PDBs protect workloads during node scale-down. The Cluster Autoscaler respects PDBs -- it will not drain a node if doing so violates a PDB:

```yaml
apiVersion: policy/v1
kind: PodDisruptionBudget
metadata:
  name: my-app-pdb
spec:
  minAvailable: 2        # or use maxUnavailable: 1
  selector:
    matchLabels:
      app: my-app
```

Without PDBs, the Cluster Autoscaler can drain all replicas of your app simultaneously during scale-down. Always define PDBs for production workloads.

### Scale-Down Blockers

Certain pods prevent node removal:
- Pods with local storage (`emptyDir` is fine, `hostPath` is not by default)
- Pods not managed by a controller (bare pods without a Deployment/ReplicaSet)
- Pods with `cluster-autoscaler.kubernetes.io/safe-to-evict: "false"` annotation
- Kube-system pods without a PDB

Annotate pods that are safe to evict even though they have local storage:

```yaml
metadata:
  annotations:
    cluster-autoscaler.kubernetes.io/safe-to-evict: "true"
```

## KEDA: Event-Driven Autoscaling

KEDA (Kubernetes Event-Driven Autoscaling) extends HPA with external event sources.
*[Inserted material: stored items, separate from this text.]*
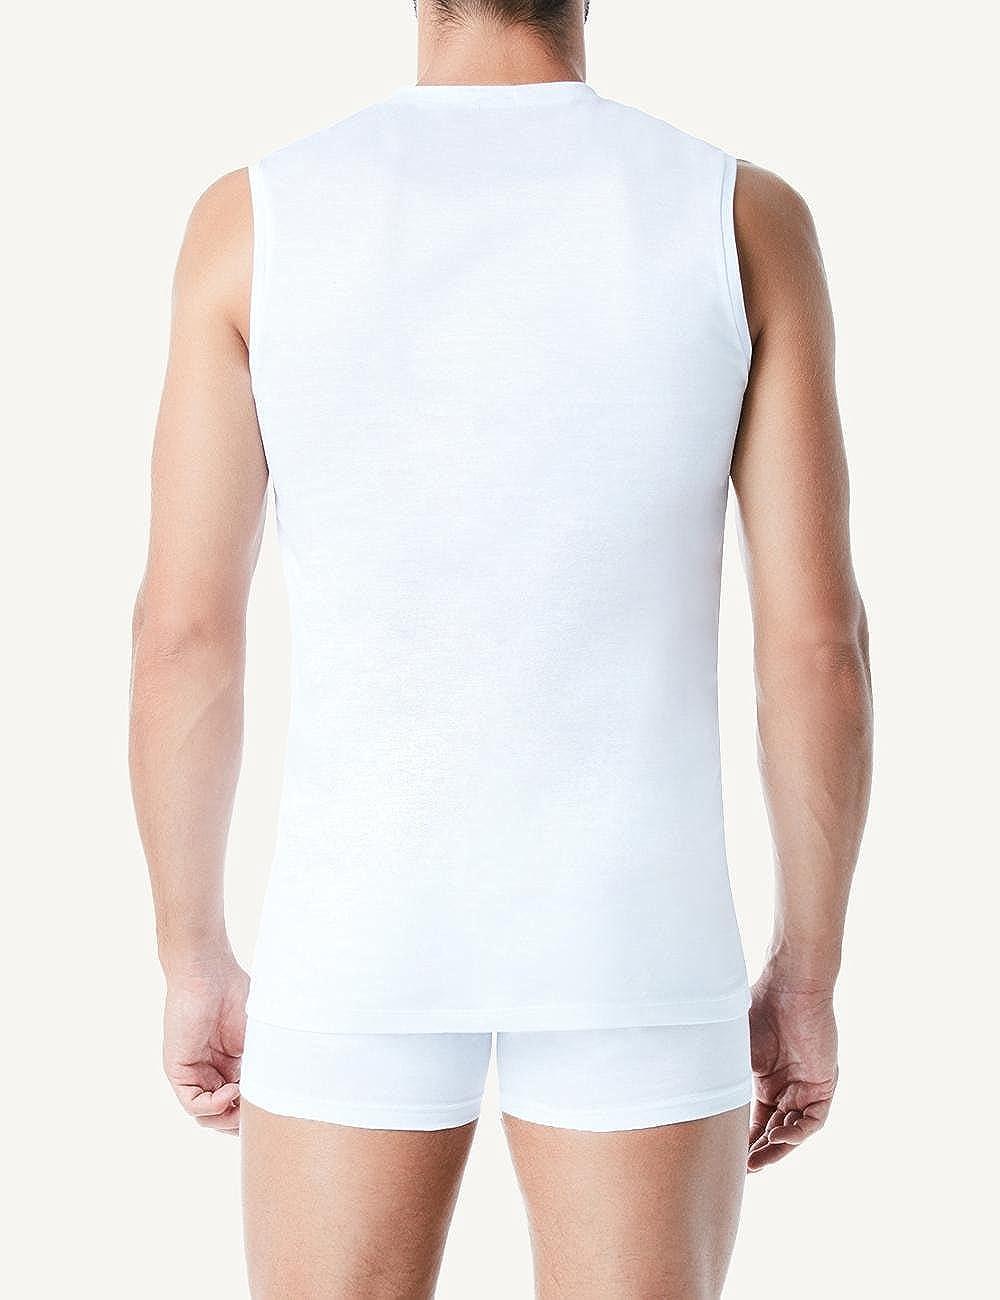 Intimissimi Mens V-Neck Egyptian Cotton Sleeveless Top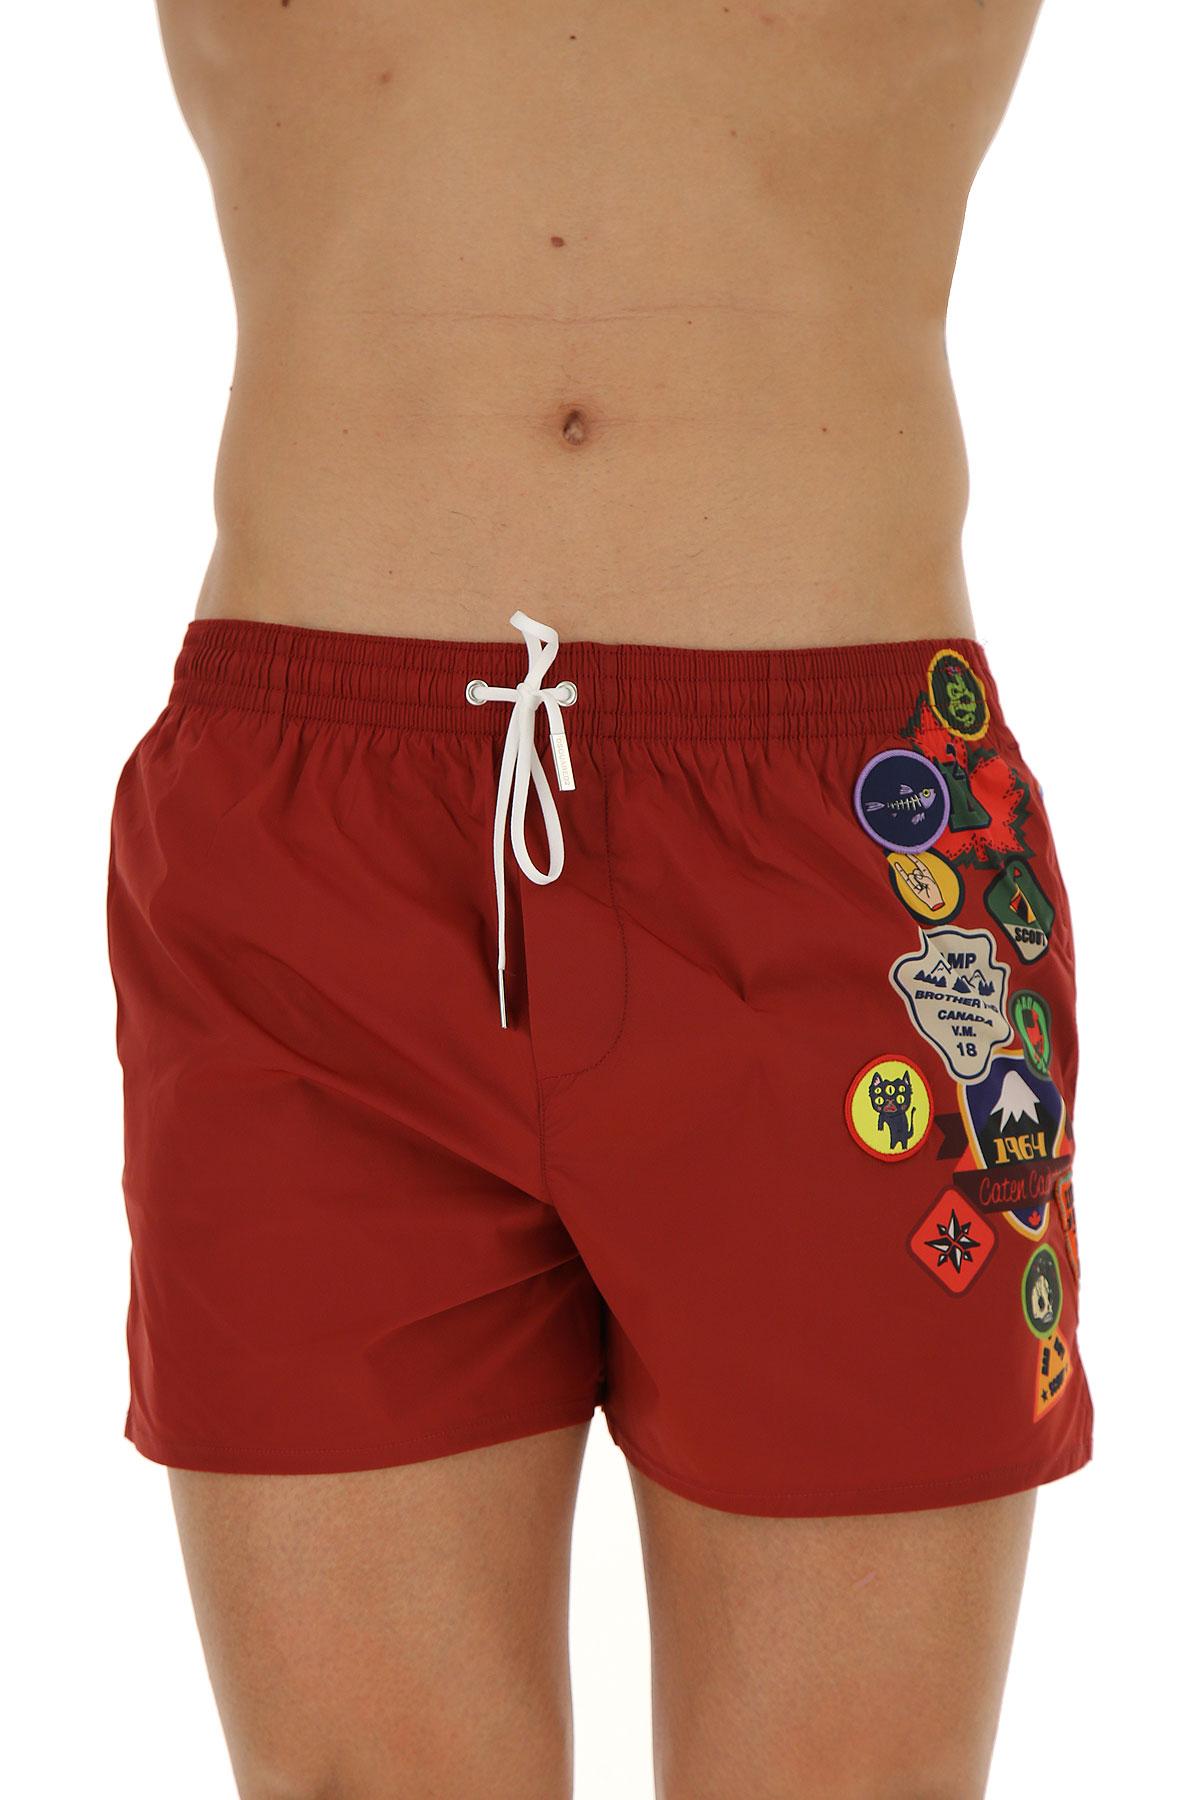 de7edeb47c Mens Swimwear Dsquared2, Style code: b7b641820-400-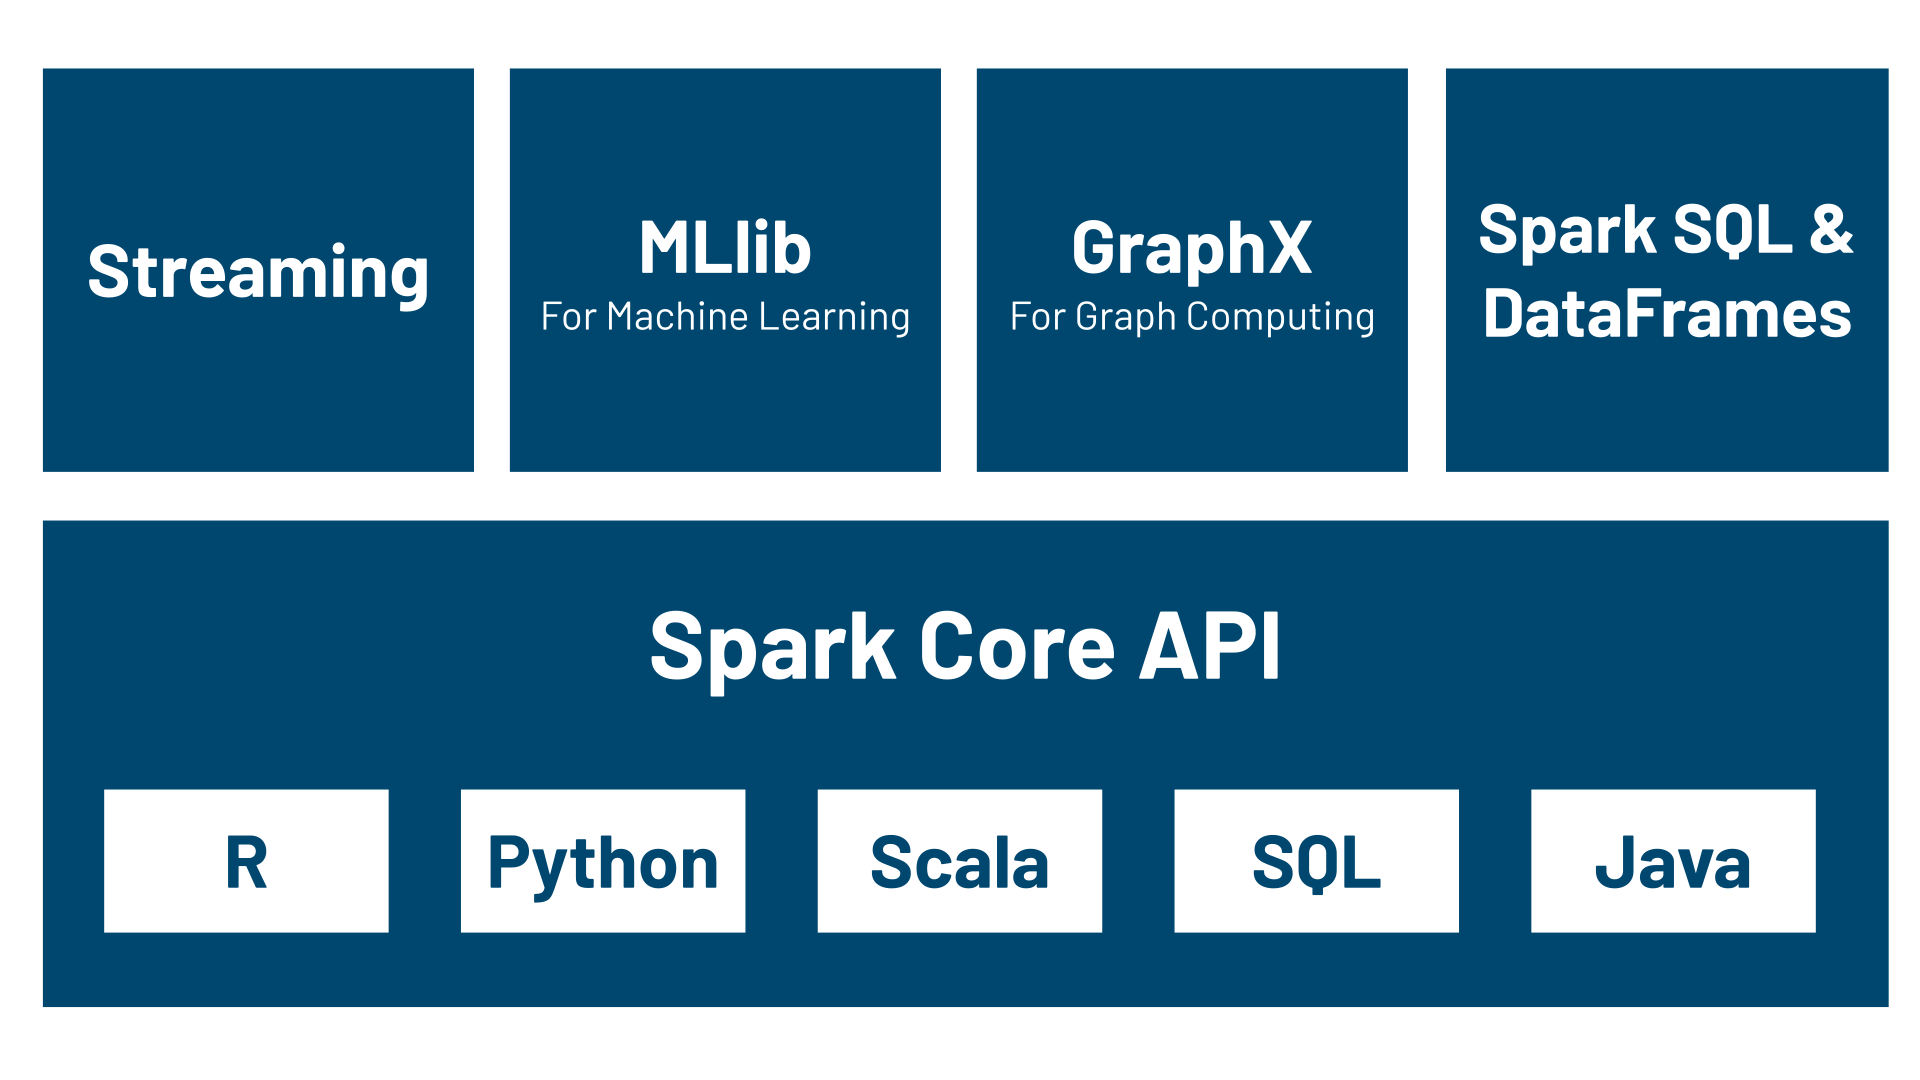 Apache Spark Ecosystem: Streaming, MLlib, GraphX, SparkSQL & Dataframes, Spark Core API.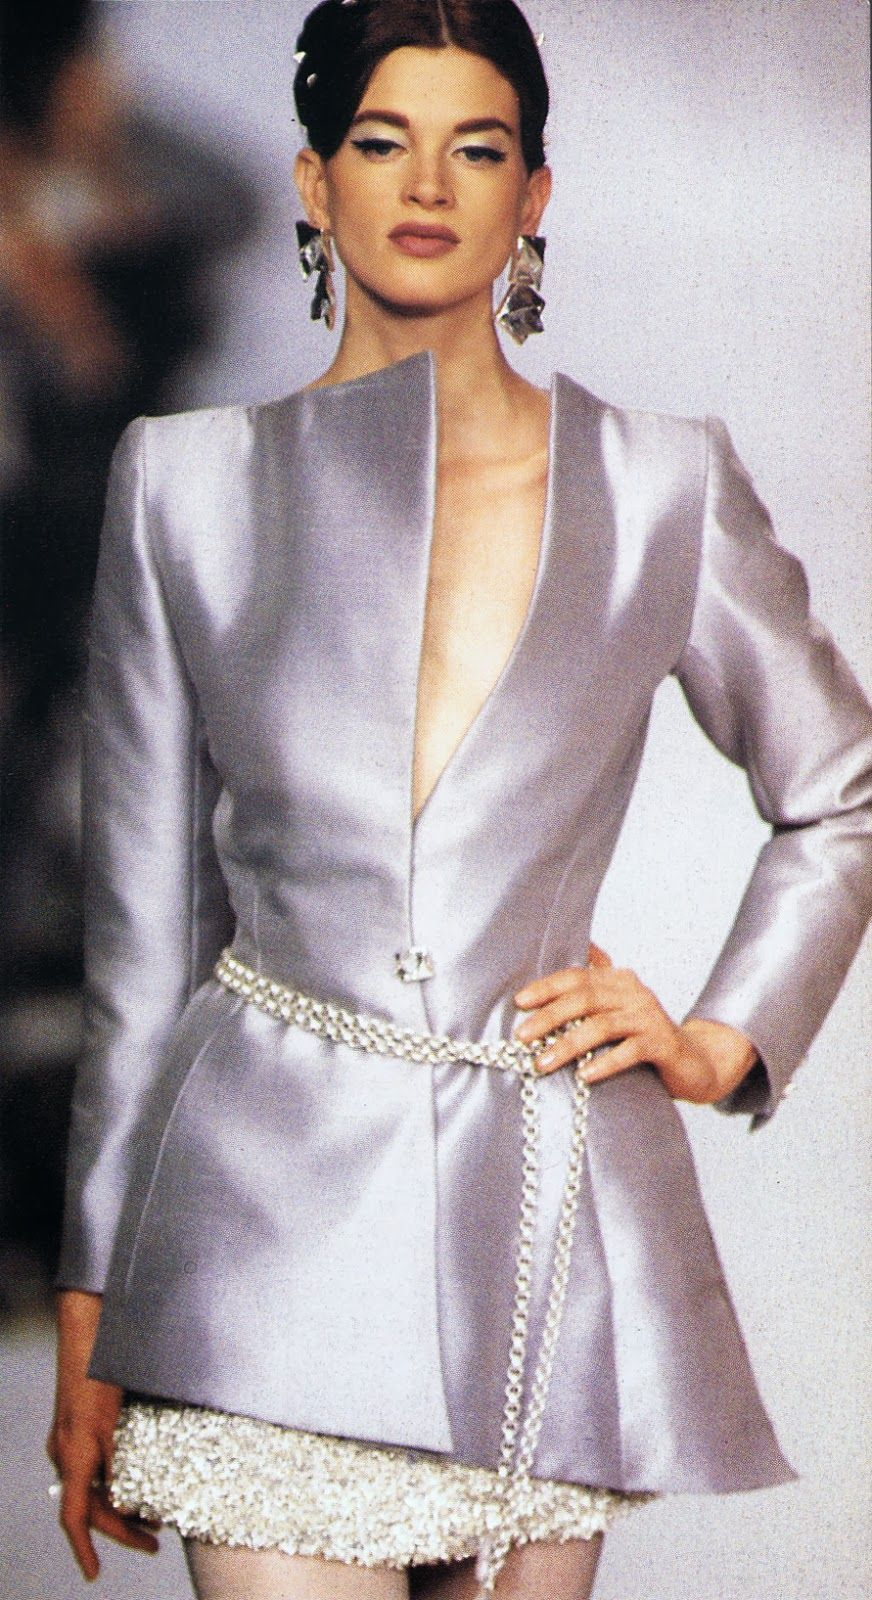 KRISTEN MCMENAMY Lanvin Show S/S 1991

It can scale based on queue depth, database connections, cron schedules, Prometheus queries, and dozens of other sources.

Install KEDA:

```bash
helm repo add kedacore https://kedacore.github.io/charts
helm install keda kedacore/keda --namespace keda --create-namespace
```

### Scale on Queue Depth

```yaml
apiVersion: keda.sh/v1alpha1
kind: ScaledObject
metadata:
  name: order-processor
spec:
  scaleTargetRef:
    name: order-processor    # Deployment name
  minReplicaCount: 0         # KEDA can scale to zero (HPA cannot)
  maxReplicaCount: 20
  cooldownPeriod: 300
  triggers:
    - type: rabbitmq
      metadata:
        host: amqp://guest:guest@rabbitmq.default.svc:5672/
        queueName: orders
        queueLength: "5"     # 1 pod per 5 messages in queue
```

KEDA also supports Prometheus queries, cron schedules, Kafka consumer lag, AWS SQS, and dozens of other trigger types. Its key advantage over plain HPA is **scale-to-zero**. Standard HPA requires `minReplicas >= 1`. KEDA manages the zero-to-one transition by watching the event source directly. Once the first pod is running, KEDA hands off to HPA for further scaling.

## Putting It Together

A production autoscaling setup typically combines all three:

1. **HPA** scales pods based on CPU/memory and custom metrics.
2. **Cluster Autoscaler** adds nodes when pending pods cannot be scheduled.
3. **PDBs** protect workloads during scale-down events.
4. **KEDA** handles event-driven workloads that need scale-to-zero.

The interaction is: HPA requests more pods, pods go to Pending because nodes are full, Cluster Autoscaler detects pending pods and provisions a node, the new pods get scheduled. On scale-down, HPA reduces replicas, Cluster Autoscaler detects underutilized nodes, respects PDBs, drains, and removes nodes.